Cycling to life cycle assessment

"Should you want to make a difference in the world, do not fear to start over."

UBC MEL student Ezgi Yuruk smiles at the camera. She is centred with trees behind her.

Ezgi Yuruk H.

Hi, Ezgi here! Since the last years of my undergraduate studies at Istanbul Technical University, I have been working in different fields of architecture to raise an overall understanding of the architectural praxis in diverse international settings, including Turkey, Slovenia, the US, and Algeria. I gained various practical skills in the fields of digital fabrication technologies when I was working for the mockup studio Küçük Atölye in Istanbul, where I had invaluable opportunities to experiment on the interdependency of architecture, its representation, and its communication among the various parties. In 2013 and 2014, I worked on the documentation of the Greek and Roman relics with the aid of photogrammetry for the archaeological excavations of Laodikeia in Denizli, Turkey. I collaborated on-site and among the teams of different disciplines, including archaeology, art history, and architecture for the survey of the relics. In Fall 2014, I assisted Slovenian architect Špela Videcnik of Ofis Arhitekti while she was directing the architectural design studio “Housing in Extreme Environments: Alpine Shelter” at Harvard Graduate School of Design. Then the sirocco blew me to different Saharan cities in Algeria, working on construction sites, building my career from a site architect to design office chief. Just when I decided to take a year off my career and steer it to sustainable architecture and construction, a pandemic hit the world.

Why did you choose to go into your field of study at UBC?

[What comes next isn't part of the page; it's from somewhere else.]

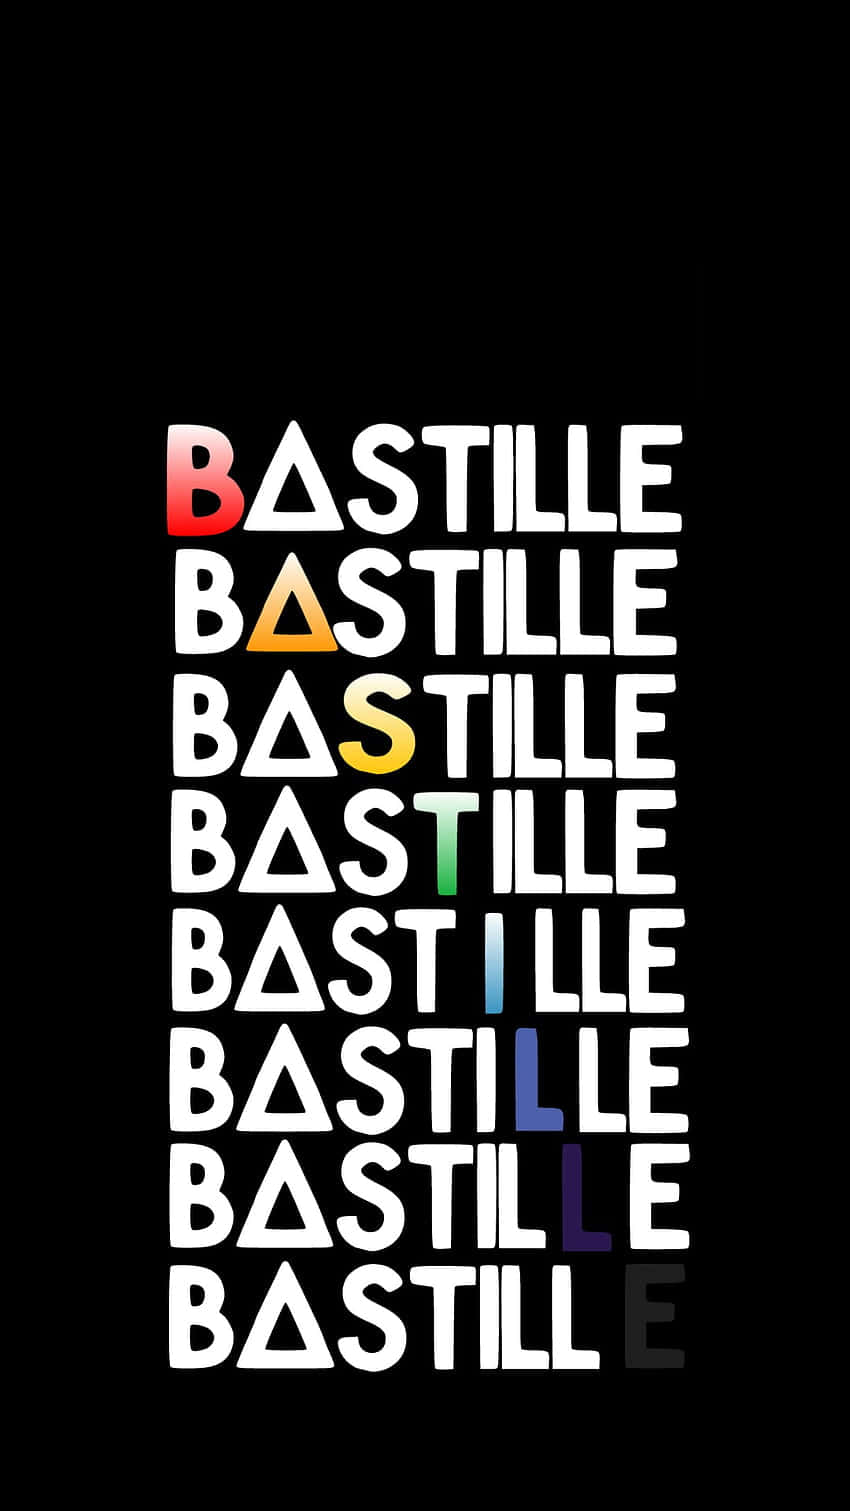 Download Bastille On A Bicycle Wallpaper | Wallpapers.com

For the past 5-6 years, my work was primarily based in Algeria, building military hospital projects. During my time on several construction sites, I have realized that the construction industry is one of the most contributors to waste and an extremely large source of energy emissions. I want to find ways to improve that and help create sustainable versions of buildings, but I did not want to stay away from my professional career for long. This was when I found the perfect match – a professional degree at UBC in High Performance Buildings that is only a year long. You won’t find anything else of this quality in this short period of time. Make no mistake! It is a short master’s, but it is zipped and extremely demanding. Yet, it takes only one year out of your professional career, and you learn so much in the program.

What has made your time at UBC memorable?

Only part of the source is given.